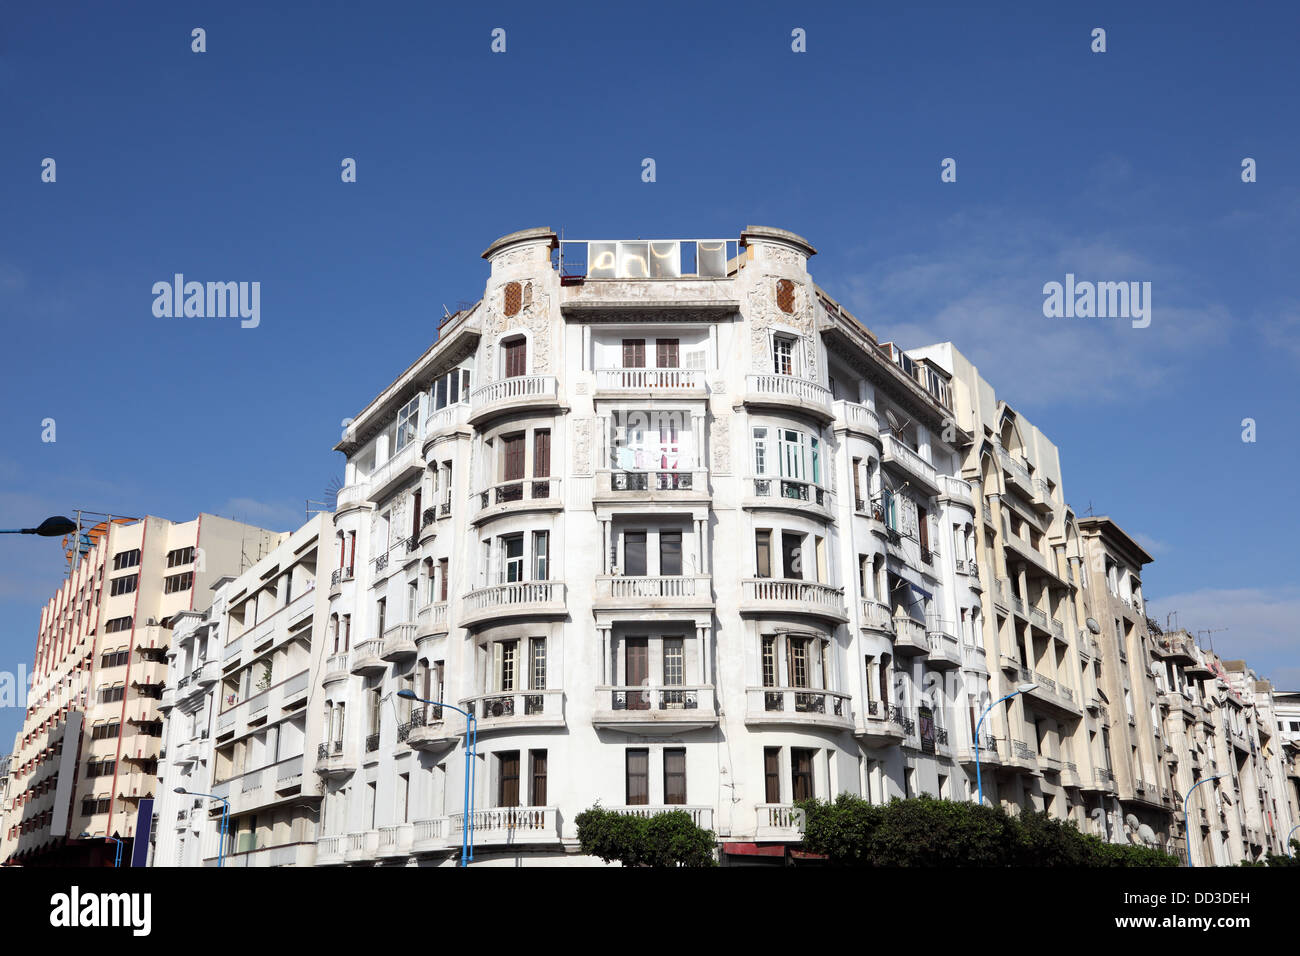 Art Deco architecture in the city of Casablanca, Morocco Stock Photo
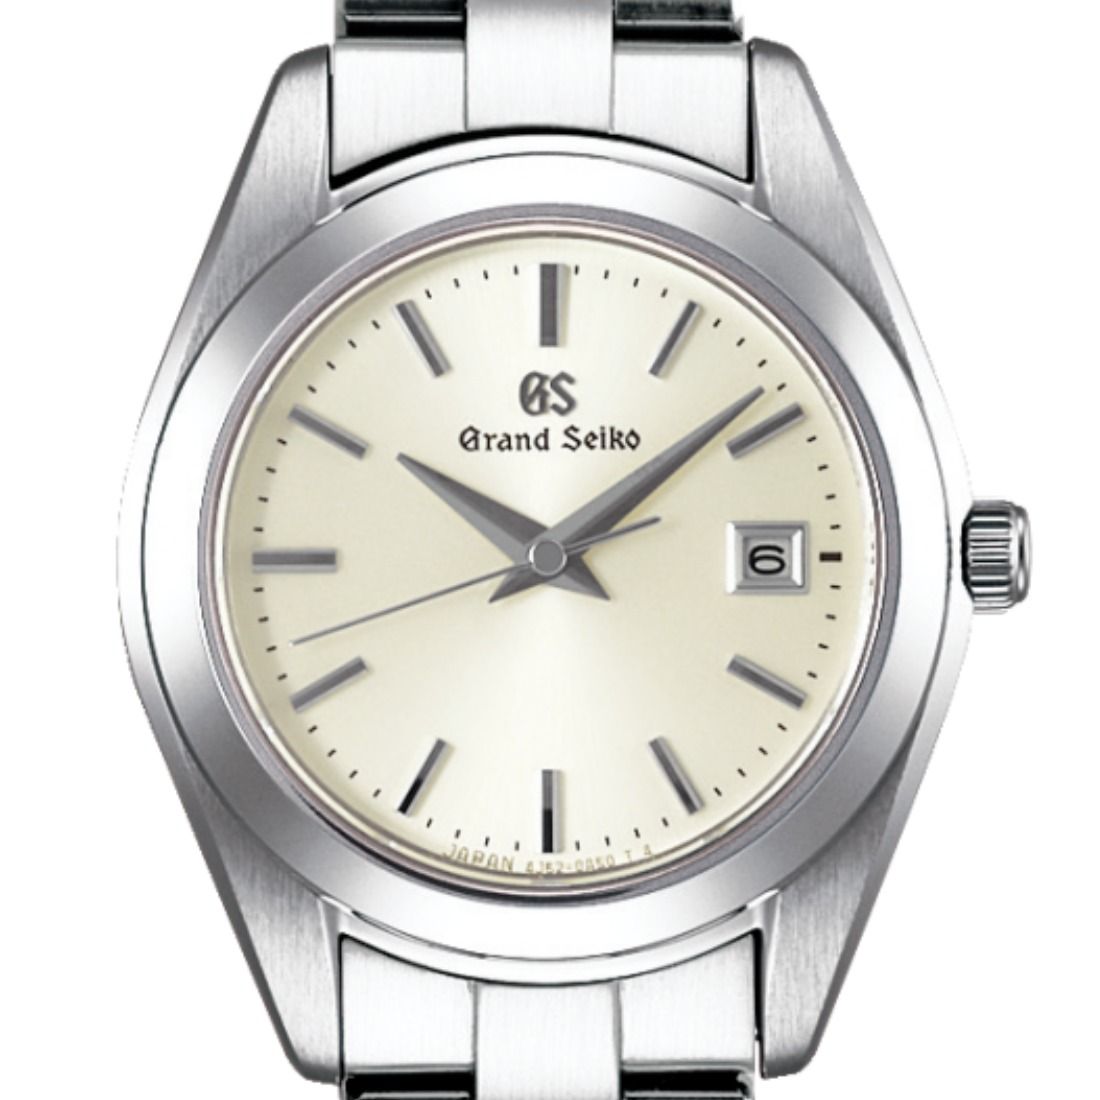 GS Grand Seiko STGF265 STGF265G Heritage Collection Beige Dial Quartz Analog Watch
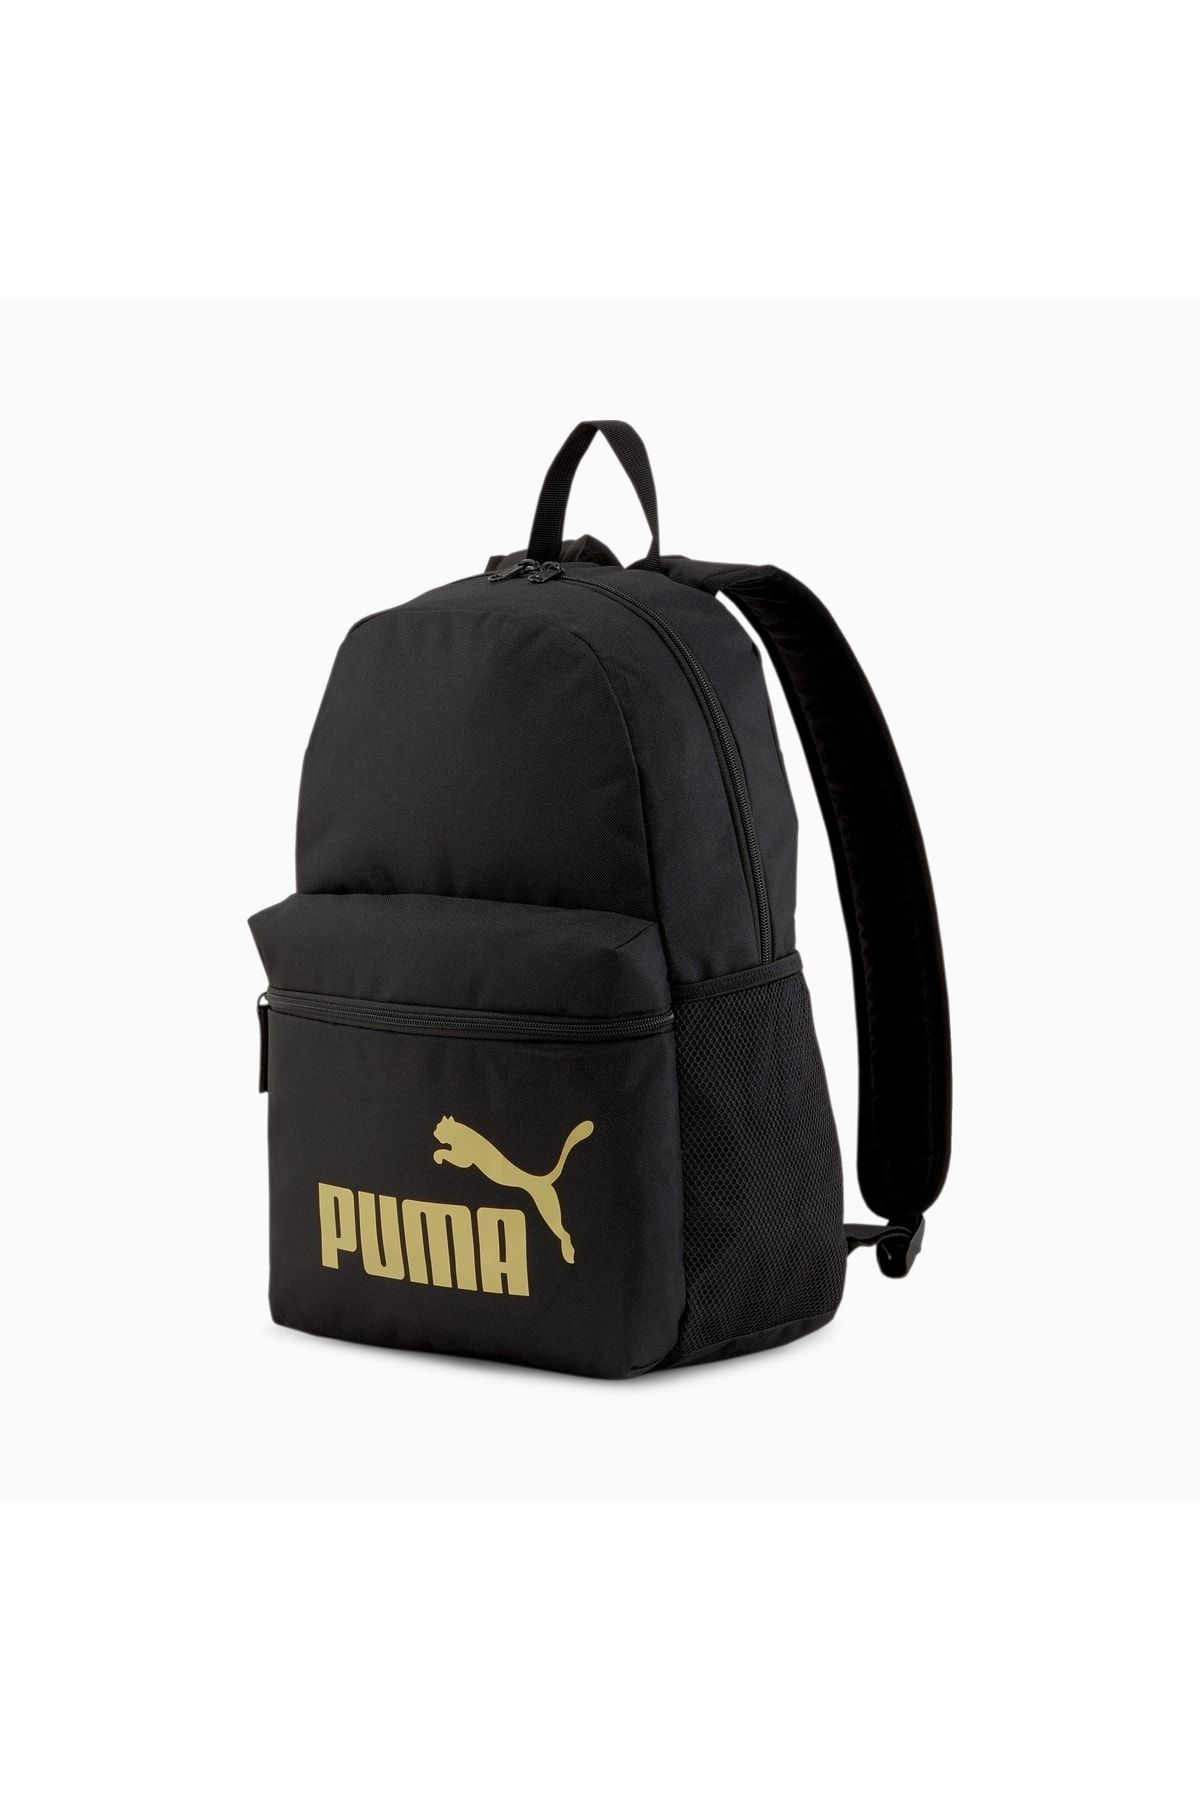 Mochila Puma Phase Small Backpack Negro Unisex

(WORK INSTRUCTION): Give the listing above again exactly, minus any images.

(COMPLETED TASK):
 Art Deco architecture in the city of Casablanca, Morocco Stock Photo
 GS Grand Seiko STGF265 STGF265G Heritage Collection Beige Dial Quartz Analog Watch
 Mochila Puma Phase Small Backpack Negro Unisex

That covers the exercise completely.